As early as 1948, resolutions were passed seeking legislation to provide for May 1 to be declared a public holiday. In 1951, the Trades Union Council (TUC) passed the following resolution:
Be it resolved that this meeting of workers here assembled at the Parade Ground, Georgetown, pledges itself through the several unions, federations, councils and political organisations to take all necessary steps by approach through government, the local legislature and His Majesty's Secretary of State for the Colonies to ensure - the declaration of the first of May as a statutory holiday.
In 1953, general elections were held in British Guiana. It was predicted in labour circles that if the voting was heavy, labour would form the new government. The PPP, which was closely associated with the labour movement, won 18 of the 24 seats in the House of Assembly. The May Day parade of 1953, was the largest ever held. Twenty thousand persons assembled at Bourda Green.
The Labour Day parade was organised by the British Guiana Labour Union (BGLU) and the Federation of Union of Government Employees (FUGE). What was significant about this parade was the fact that the people had attended voluntarily. The men wore rosettes and ties, and for the first time in several years, the parade was accompanied by two bands. The President of the BGLU, L. F. S. Burnham, had promised the crowd that the government would work towards improving conditions for the working class. He pledged:
It is the solemn duty of the government that goes into power later this month to take all the necessary steps to do away with the scourge of our country, namely unemployment by June 1, but this we do say: that by hard work, sincerity and carefully planned economy, all unemployment will be eventually banished from this lovely Guyana of ours.
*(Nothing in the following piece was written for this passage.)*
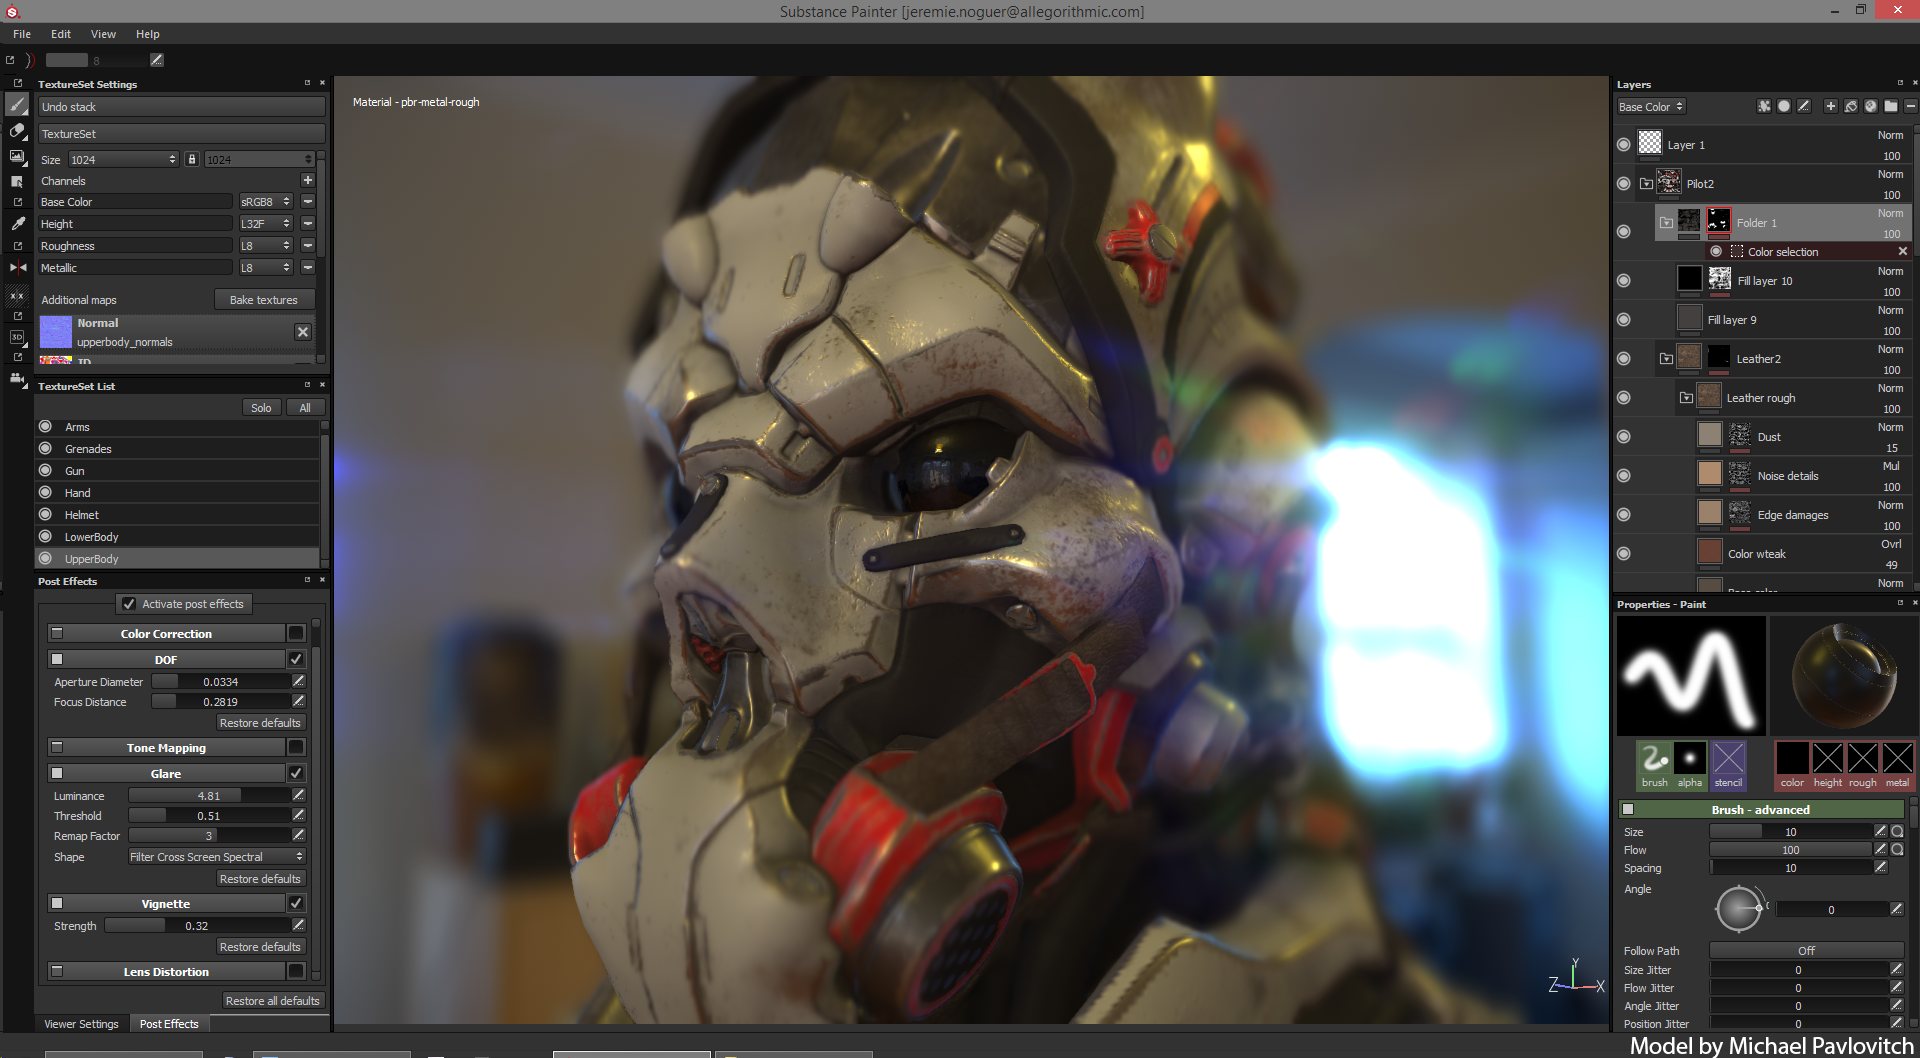 Substance Painter file extensions

On May 20, 1956, the TUC requested to meet with Governor Renison, to discuss the proposal that May 1 should be declared a public holiday. The deputation met the Officer administering the government on May 29, 1956. However, in August, 1956, the TUC was informed that the government had rejected their request.
On February 12, 1958, Mr Rupert Tello tabled a motion in the Legislative Council, that May 1 of each year, be designated `Labour Day', and should be declared a public holiday. He argued:
A capitalist country like the U.S.A. has found it necessary to give its labourers a holiday known as Labour Day. I feel that the time is opportune for British Guiana to place a similar one on its Statute Book. That will be a great fillip to the trade unions and will give a greater impression on the integral part of our community labour. We should have a holiday placed on our Statute Book and make it known internationally that we have a great regard for labour and the labour movement in British Guiana.
Mr Anthony Tasker did not object to the motion, but suggested that it should be amended by the addition of the words, "in substitution of an existing public holiday". But Mr Burnham opposed the amendment, insisting that it was not a question of giving with one hand, and taking with another.
Finally Mrs Janet Jagan, indicated that the Christian Social Council would give up Whit Monday for Labour Day. The Council voted and the motion was affirmed.
By this action May 1, 1958, was declared a public holiday. Since that date May 1, which is also called Labour Day, has been a public holiday and it is celebrated by all unions.